Авалон откинулась на борт купели. Свет озарил изгиб ее шеи, капли воды на озолоченной коже. Убрав с лица влажную прядь, она застонала от удовольствия.
Дамиан испытал боль. Острую, колющую, как льдинки под кожей. Кровь оглушительно гремела у него в висках. Покалывание вновь сгустилось в паху. Жажда раздирала его горло. Он увидел краем глаза кувшин на комоде, но понял, что бесполезно пытаться утолить эту жажду водой или элем.
Авалон повернула голову, и Дамиан почувствовал постыдное унижение. Она поймала его взгляд. Застала за подглядыванием. Он, инквизитор Храма, давший обет, был пойман за подглядыванием. Дамиан сгорал от стыда. А еще больше от осознания, что тело подвело его.
Он выскочил вон, пинком захлопнув за собой дверь. Потный, дрожащий, он углубился в коридор. Загривок покалывало от страха, дыхание сипло вырывалось из груди. В нем было слишком много аквавита, вины и вина.
Как я это допустил?
В груди заныло от чувства омерзения. Оно, как слизь или плесень, запятнало его изнутри. И сколько он ни вышагивал по коридору, скрипя досками, это ощущение грязи только въедалось в его внутренности. Яд греховности вновь растекся по его жилам, вновь отравил его помыслы.

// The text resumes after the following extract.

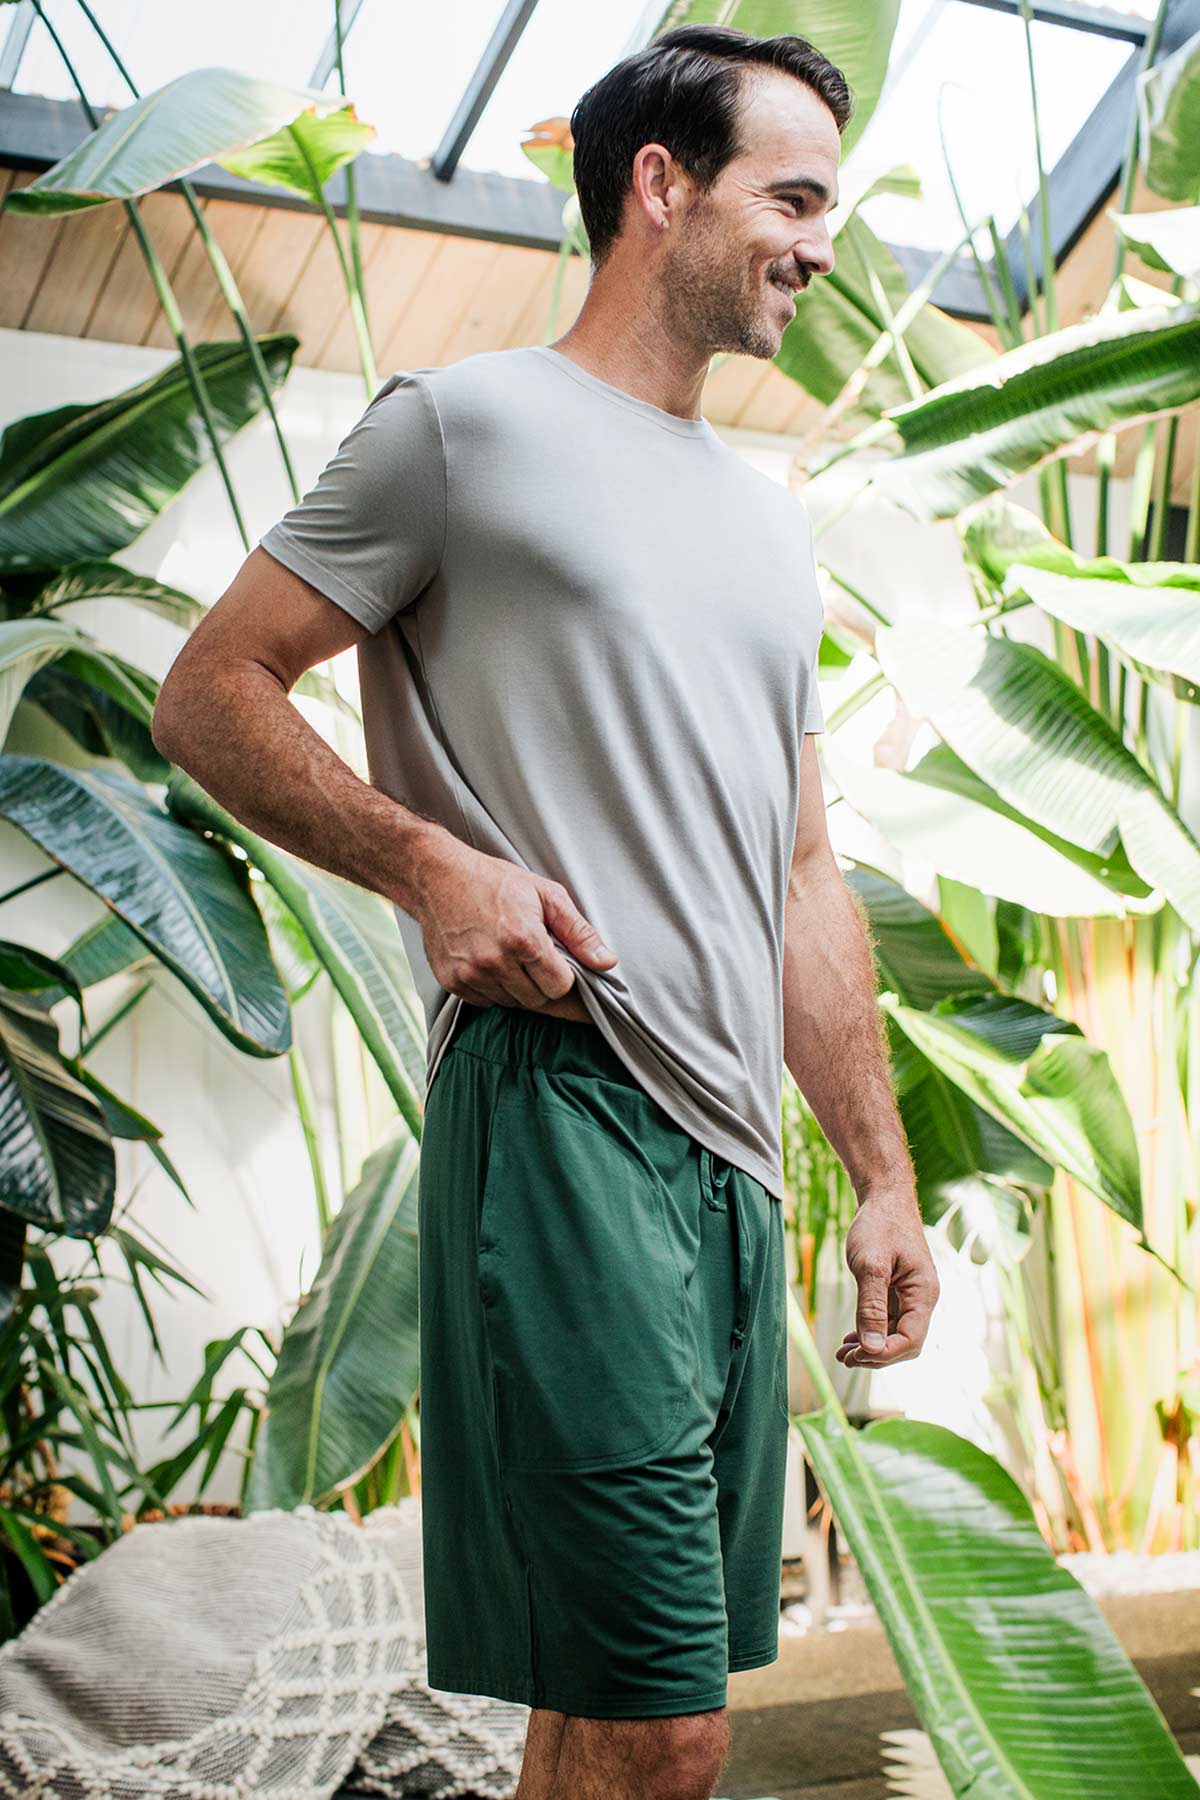 A man standing facing to the side while adjusting the hem of his shirt, a smile on his face, wearing Yala Men's Mateo ButterSoft Bamboo Lounge Shorts in Evergreen

Запомни, Дамиан, телесные совершенства бренны. Страсти к ним необходимо усмирять в своем теле и искоренять.
Дамиан кивнул голосу Симеона в голове и поспешно направился к лестнице, как вдруг замер. Он сбегает! Сбегает, как трус, от вёльвы, что сумела вывести его из равновесия. Он бежит! Струсил! И, поджав хвост, как псина, со всех ног пытается спрятаться, забиться в угол, где ее отрава не достигнет его тела. Ярость вспыхнула в его груди. Кто она такая, чтобы он сбежал? Он никогда не сбегал от испытаний, что посылал ему Князь. Никогда не бежал с поджатым хвостом. И не бывать этому из-за нее!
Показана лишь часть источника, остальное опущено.